DEL MAR — About 30 people turned out at Powerhouse Beach on June 25 to participate in Hands Across the Sand, a global demonstration of solidarity for clean energy and the protection of coastal economies, oceans, marine wildlife and fisheries.
The event began Feb. 13, 2010, when 10,000 Floridians representing 60 towns and cities and more than 90 beaches joined hands to protest the efforts by the Florida Legislature and the U.S .Congress to lift the ban on oil drilling off the coast of Florida. It was the largest gathering in the history of the state united against expanding oil drilling in Florida’s coastal waters. Demonstrations were held from Jacksonville to Pensacola Beach.
Hands Across the Sand went global on June 26, 2010, in response to the Deepwater Horizon oil spill disaster in the Gulf of Mexico.
Yasmine Zein-Phillipson, a senior at Torrey Pines High School, and member of the Surfrider Foundation, served as chairman of the fledgling Del Mar chapter.
“I surf and love the ocean,” she said. “After the Gulf oil spill last year, I don’t want the place that I love to be ruined.”
Yasmine explained that the low turnout was due to this being the first year that Del Mar participated.

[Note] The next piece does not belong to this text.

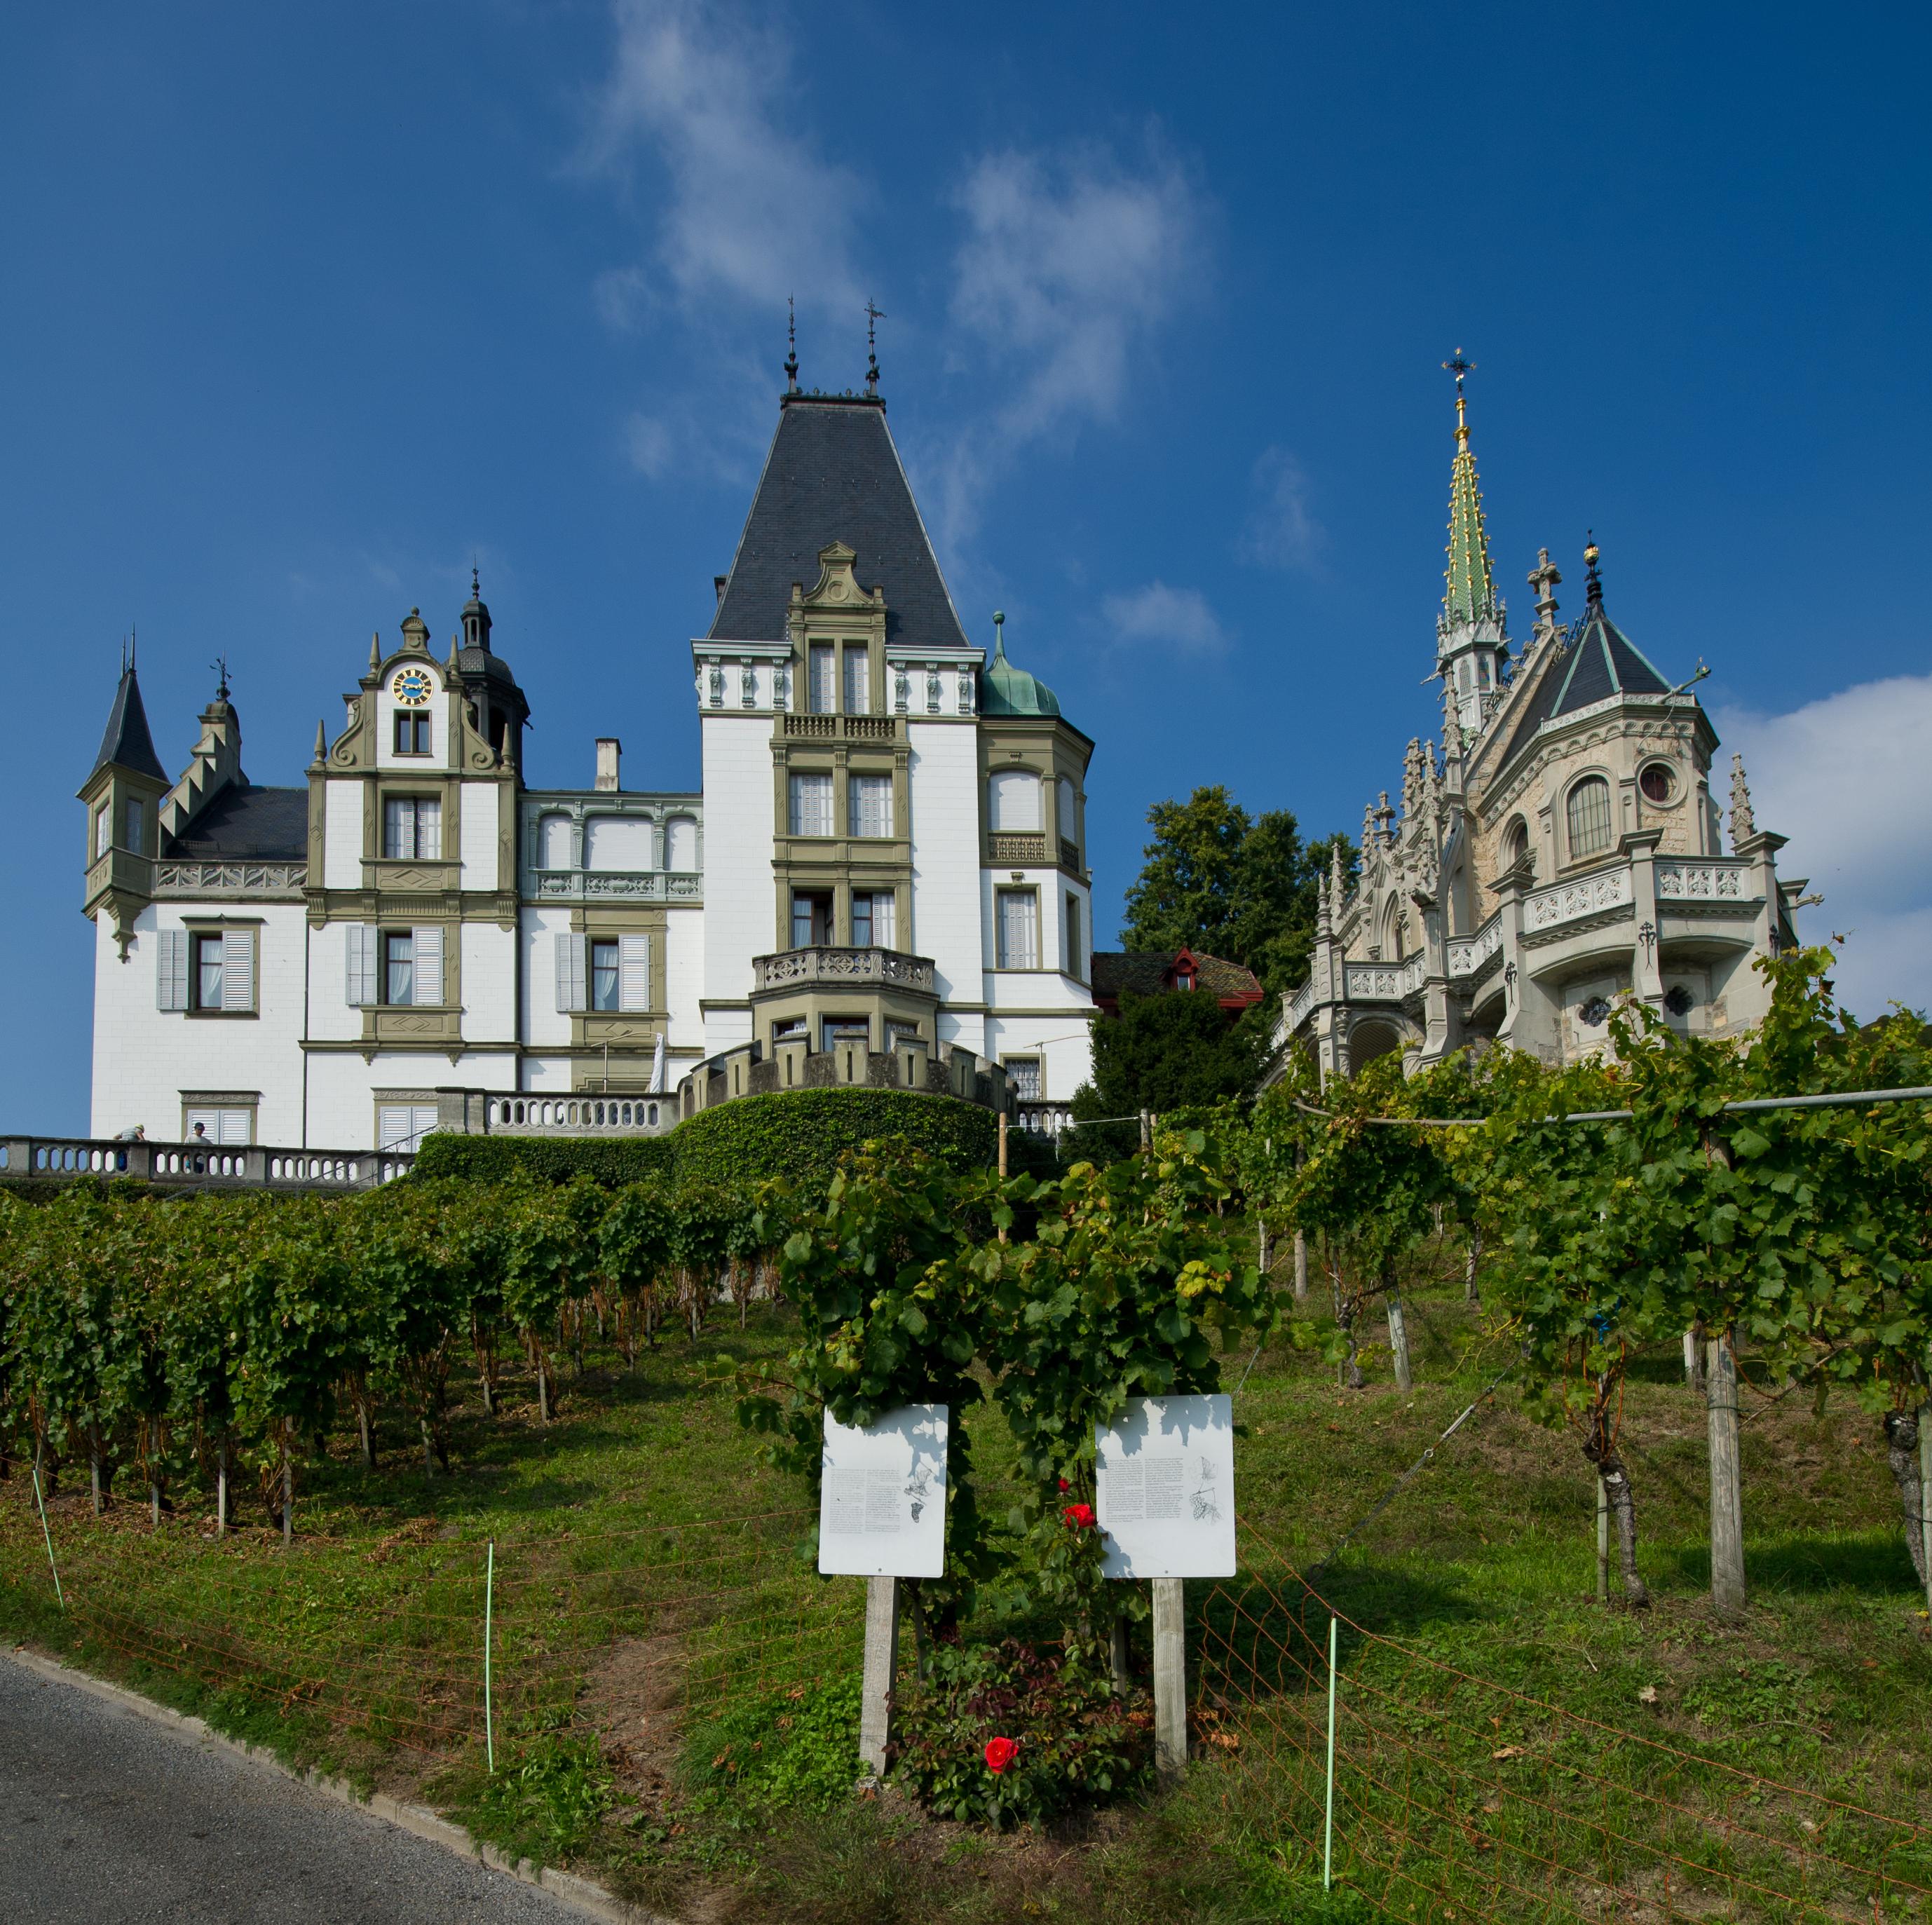 File:Luzern Meggen Schloss Meggenhorn.jpg - Wikimedia Commons

“There is a Hands Across the Sand event in Pacific Beach that’s really big and one in Oceanside,” she said. “Ours will be bigger next year.”
Amy McCluer and her daughter, Katie, traveled from Glendale, Ariz., to participate in the Del Mar event.
“The reason they are drilling off-shore is because everything else (oil wells) is gone,” said Katie.
McCluer blames the United States government for bowing to pressure from the automobile industry, and not investing more in alternative sources of clean energy.
“Humans are killing our planet,” she said, weeping. “People think it’s not going to affect our generation. I want my daughter to come here when she’s my age, and be able to have a vacation on a clean beach.”
McCluer added that a Hands Across the Sand event was being held simultaneously at Tempe Beach Park, overlooking Tempe Town Lake, a dry riverbed converted into a recreational reservoir a few years ago.